Temporary modifications have been made to the Child Care Subsidy Program to increase support and flexibility for enrolled families and providers. This includes:

  • expanded eligibility for school-aged children designated for part-day to full-day care,
  • increased paid absences from 36 to 76 days for providers, and 
  • automatic eligibility extension for families due for eligibility redetermination in the near future by 2 months and temporary suspension of the face-to-face interview requirement.

For more information on eligibility and to apply for the Child Care Subsidy Program, visit the DSS website. The DSS has also put together a frequently asked questions page. 

Deadline Extensions

The Virginia Department of Taxation is extending the due date of payment of Virginia individual and corporate income taxes. While filing deadlines remain the same, the due date for individual and corporate income tax payments will now be June 1, 2020. For information on deferring payments and how to file, visit Virginia Tax.

The Department of Motor Vehicles will grant a 60-day extension to those who cannot renew their vehicle registration online, or whose license or registration expires before May 15. The governor has also directed the Virginia Department of State Police to suspend enforcement of Motor Vehicle Safety Inspections for 60 days. 

Small Businesses

Small businesses and nonprofit organizations located throughout the state can apply for a loan of up to $2 million from the Small Business Administration to pay fixed debts, payroll, accounts payable, and other expenses. Click here to submit a loan application for the SBA Economic Injury Disaster Loan program.

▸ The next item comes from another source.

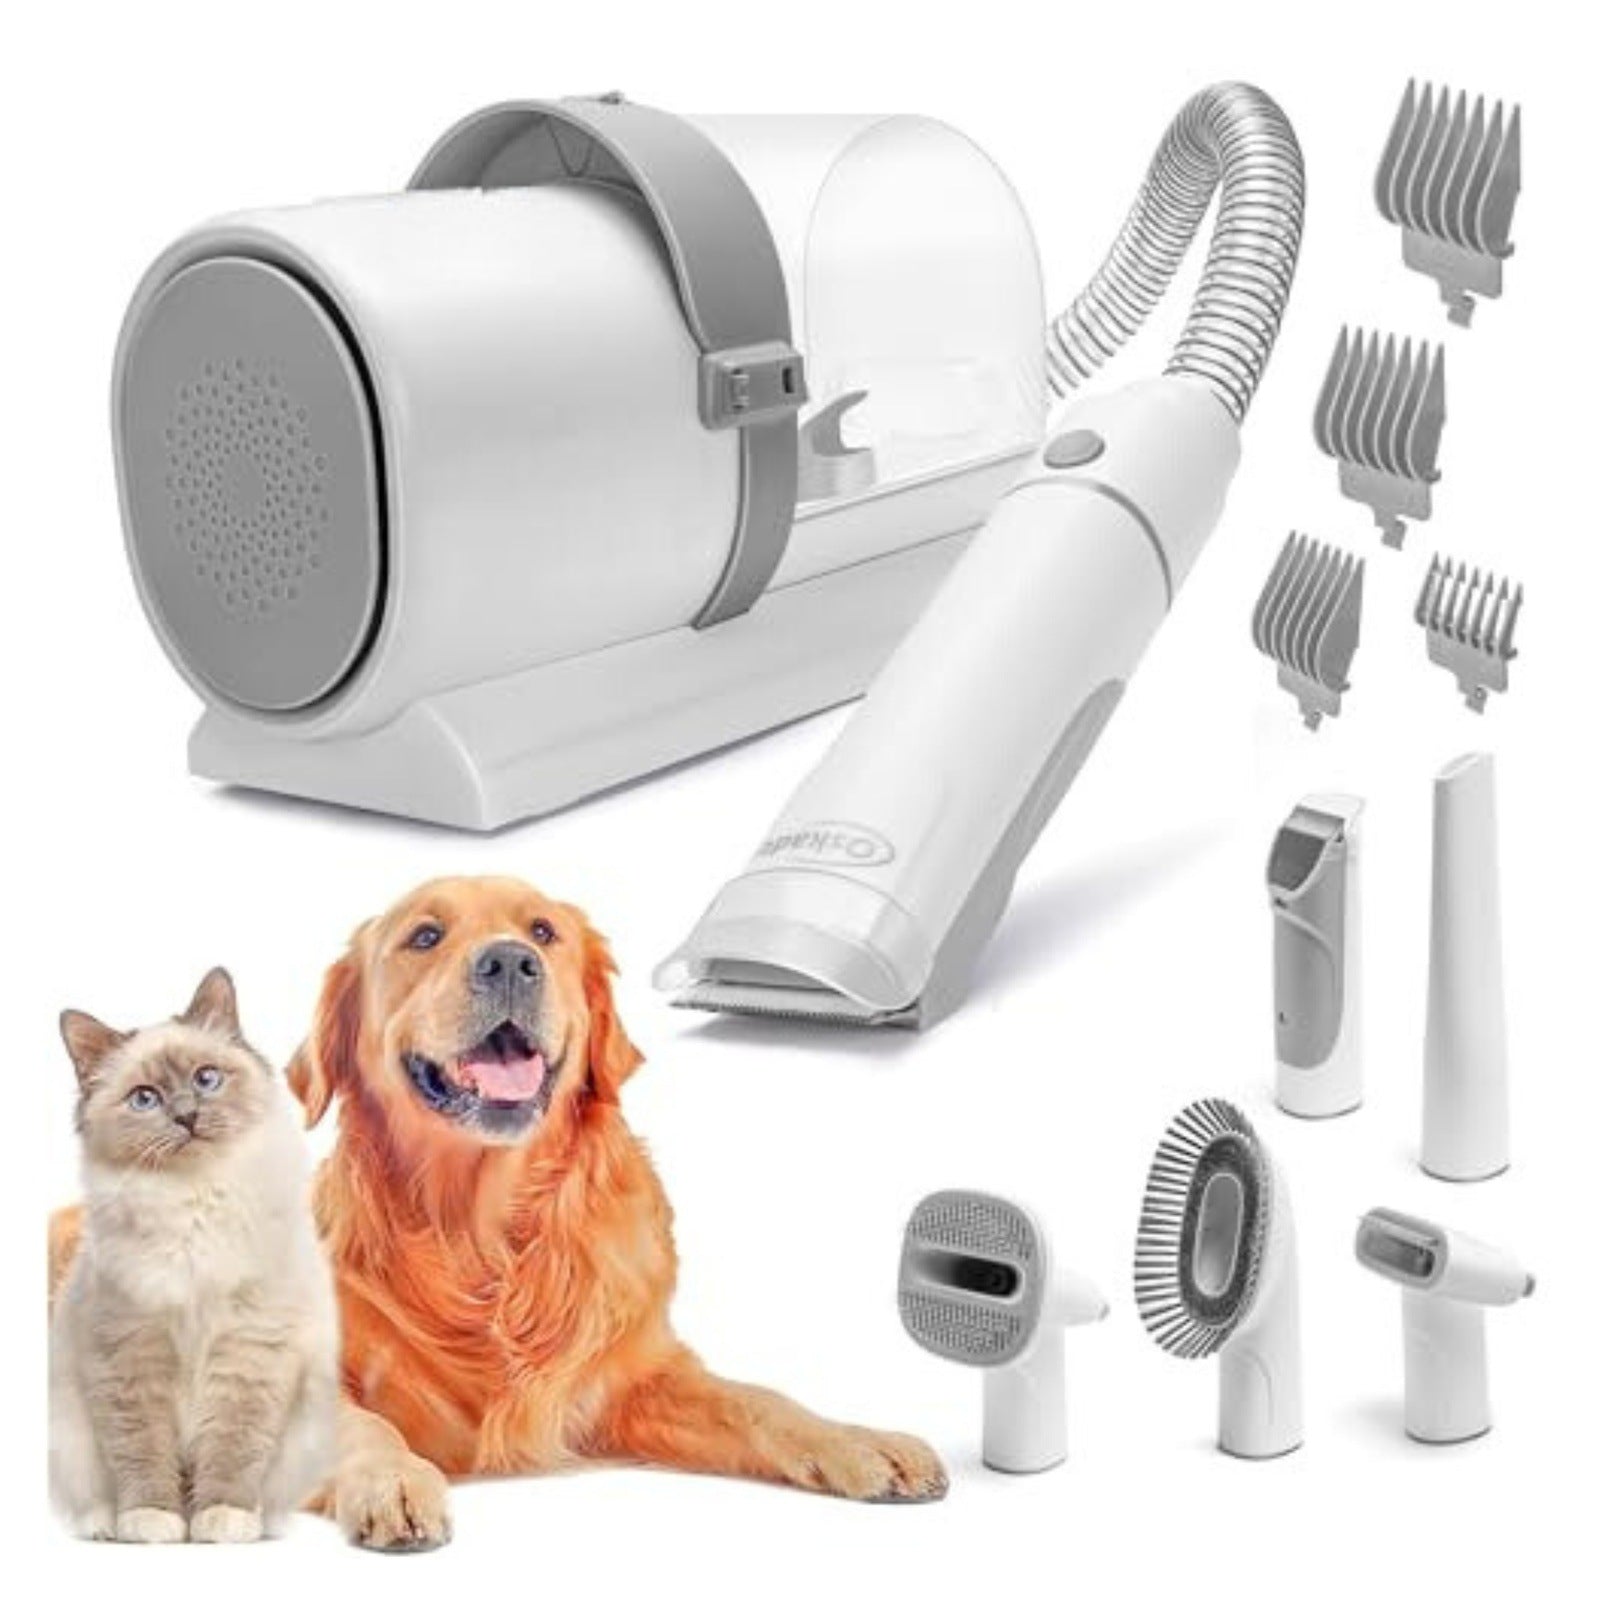 Xatory - Hondentondeuse - Trimmen - Verzorgingsset - Vacuum Grooming Kit - Hondenhaar - - Dogzoo
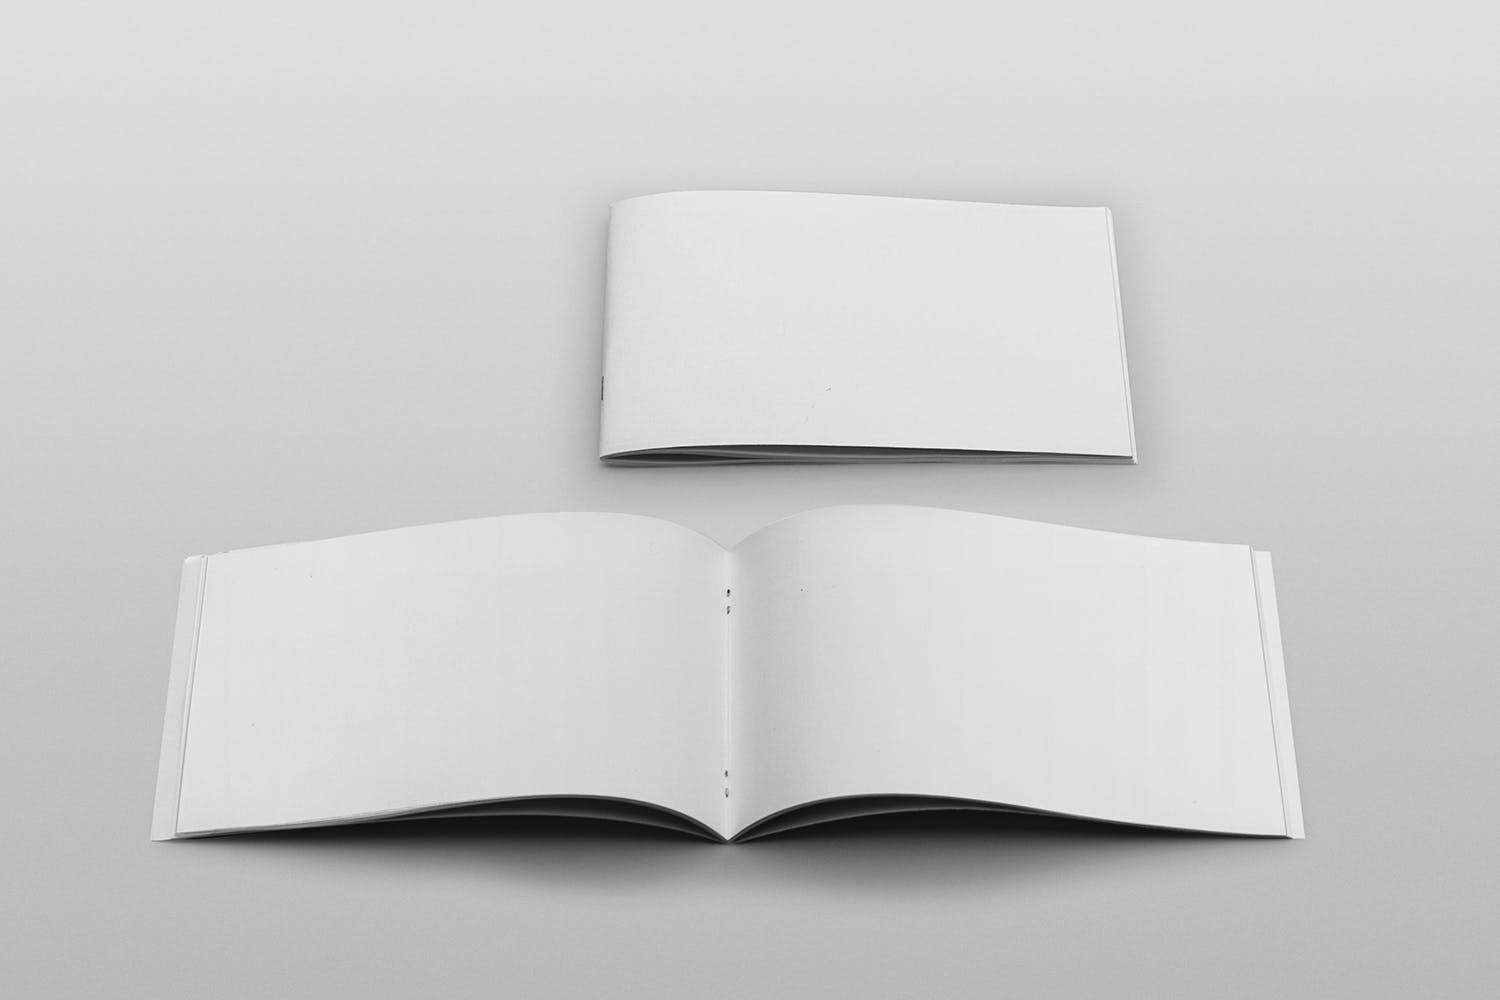 企业画册产品手册封面&内页版式设计正视图样机16图库精选 Cover & Open Landscape Brochure Mockup Front View插图(1)

image showing 2 employees standing outside of shop near open sign

Local Resources

Local governments, nonprofits, and community members are also acting to protect and help struggling families. One useful resource for Northern Virginia families is a compilation by NAKASEC Virginia of resources in Alexandria, Fairfax, Prince William, and Loudoun. And across Virginia, people are organizing to help their neighbors, like these disaster relief volunteers in the Norfolk area. Much more challenging economic times are ahead of us, and doing our part everywhere we can will be critical.

Moving Forward

Bolstering access to health benefits, unemployment insurance, housing protections, and other critical services is a strong first step in ensuring that families and businesses are able to weather the effects of this public health emergency and help make ends meet. Virginians should take full advantage of the emergency resources available. Similarly, state leadership should take full advantage of the flexibility and resources afforded through federal legislation and continue strengthening the state’s social safety net in order to maximize the well-being and health of all in the commonwealth.